Outyard Packages Update

Over the weekend we made a trip to the outyard to check on the two hives that started as packages this spring.

A few weeks ago when I checked on them I reported that one of the hives (the strongest of the two) was creating superceedure cells even though they had a brand new queen as part of the purchased package.

At the time I didn't know what to do so I closed them up and left them.

We've checked them since, but I've failed to blog about what we saw. Sorry about that!

A week after creating the superceedure cells complete with larva and royal jelly, the bees removed the larva and tore down the cells. I was careful not to damage the cells, touch them or otherwise disturb them, and I was very careful to lower the frames back into the hive so they didn't get bumped.

The bees decided to abort the superceedure process they had going on multiple frames all on their own.

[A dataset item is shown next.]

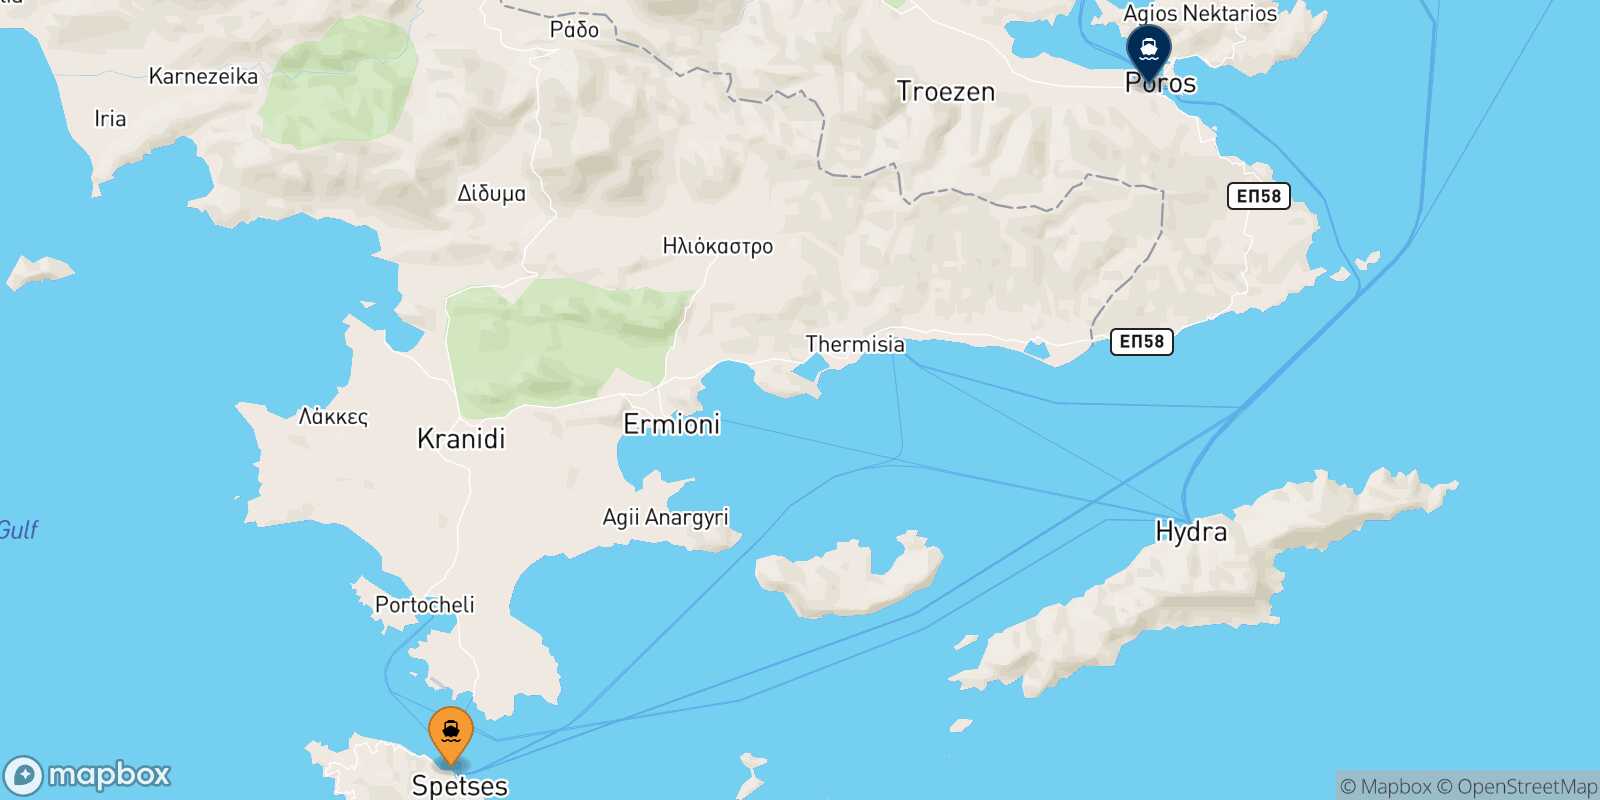 Spetses Hydra route map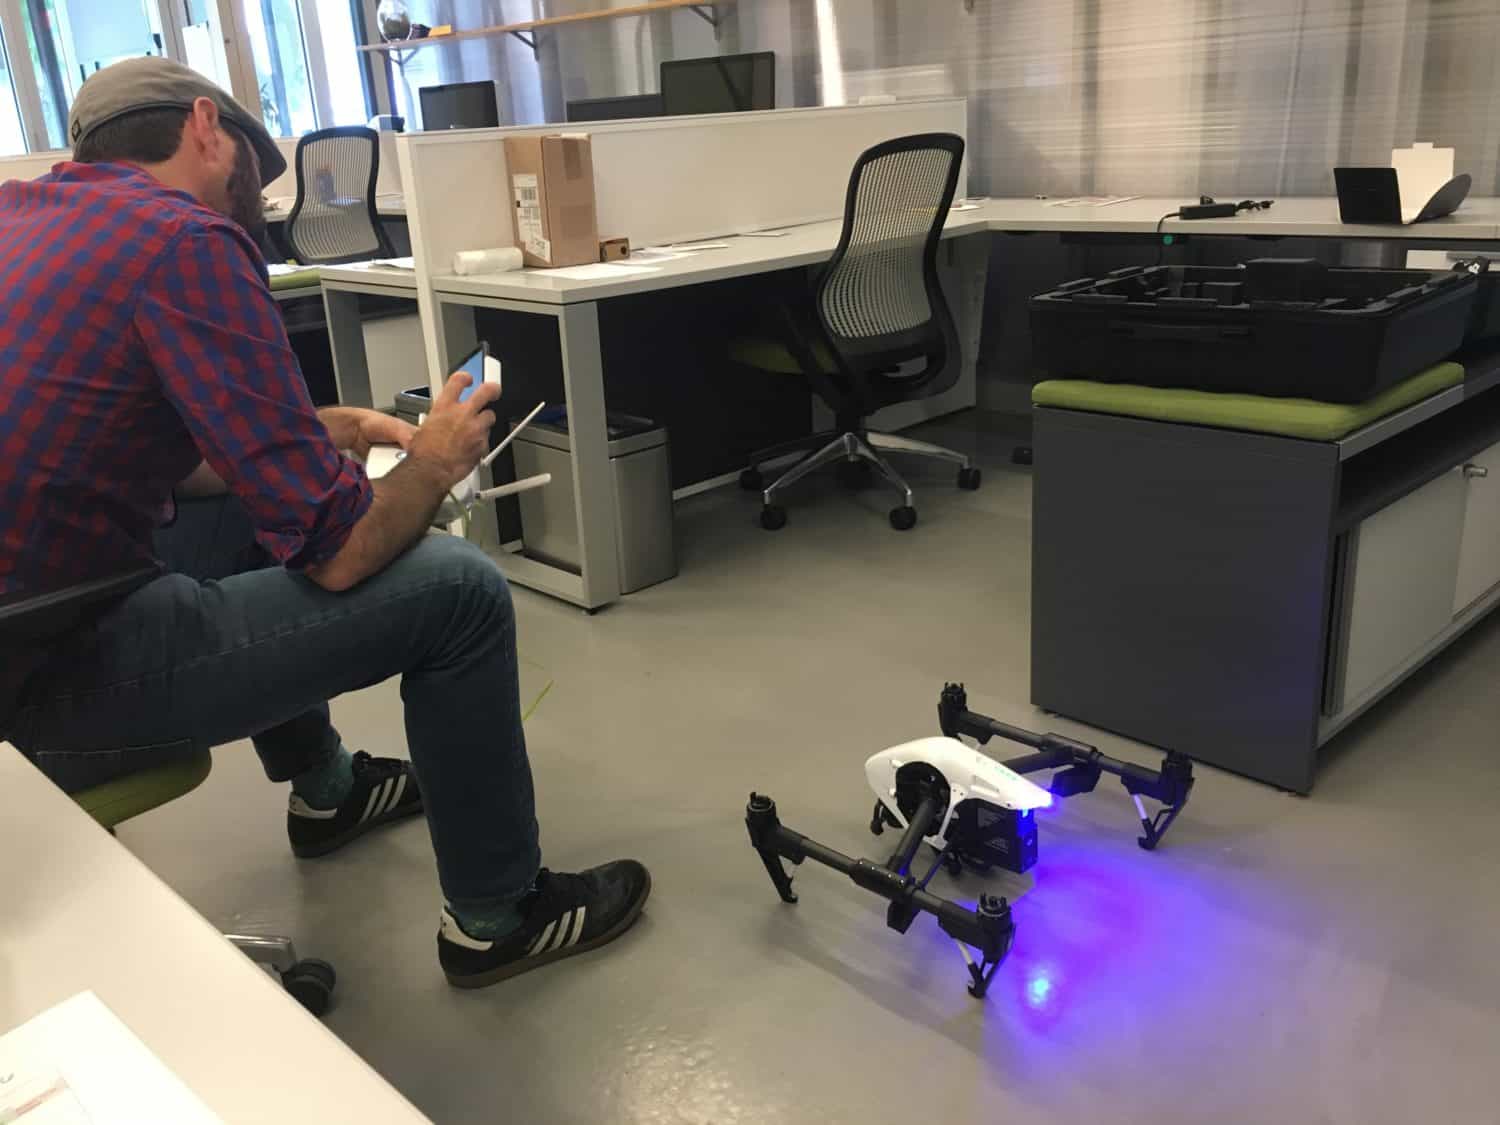 A man in plaid shirt plays with a drone in the Creative Bloc office

All I can say is "Boy I'm glad they did" because the queen they have is awesome. She's laying eggs in every available cell. You can't see them in this photo, but there are eggs in the outermost cells of the frames all the way up to the side bars and even down in the lower corners of the frames which are usually left abandoned, filled with honey or chewed away for communication holes.

Last week we counted brood on at least 13 frames.

I suppose when the package was put together at the suppliers and we shook them into their new hive the queen wasn't able to disperse her scent throughout the hive quickly enough before the bees decided they needed a new queen.

The other hive at the outyard is doing good also, although their population is still noticeably smaller since a good percent left this package and joined the other hive the day we installed them.

Their queen is producing a good brood pattern and they are still taking sugar syrup. They have only 1.5 more brood frames to draw out.

While I was there I snapped this picture of some bees on a landing board fanning. I'm guessing since they're a well established hive they weren't fanning to help new bees locate the hive, instead I'm thinking they were bringing in fresh air into the hive to help cure nectar.

Here's a picture of how we left the outyard hives. The hive on the right is the stronger of the two and now have a super on them. We're experimenting with this hive to see how a queen excluder does or doesn't reduce honey production.

Update: 7/3/2014
My brother Thomas is keeping bees near Lancaster MO. Two of the packages we picked up earlier this spring were for him.

He sent me a picture of how his bees are doing, and by the brood pattern in the picture, I'd say he's got a great queen!

Comments For This Post: (1) | Post Your Comments! Hide The Comment Form
Tim says...
Date:   July 4, 2014, 1:10 am

That is a heap of brood your brothers hive has, a good layer there. Your outyard ones seem to going good as well.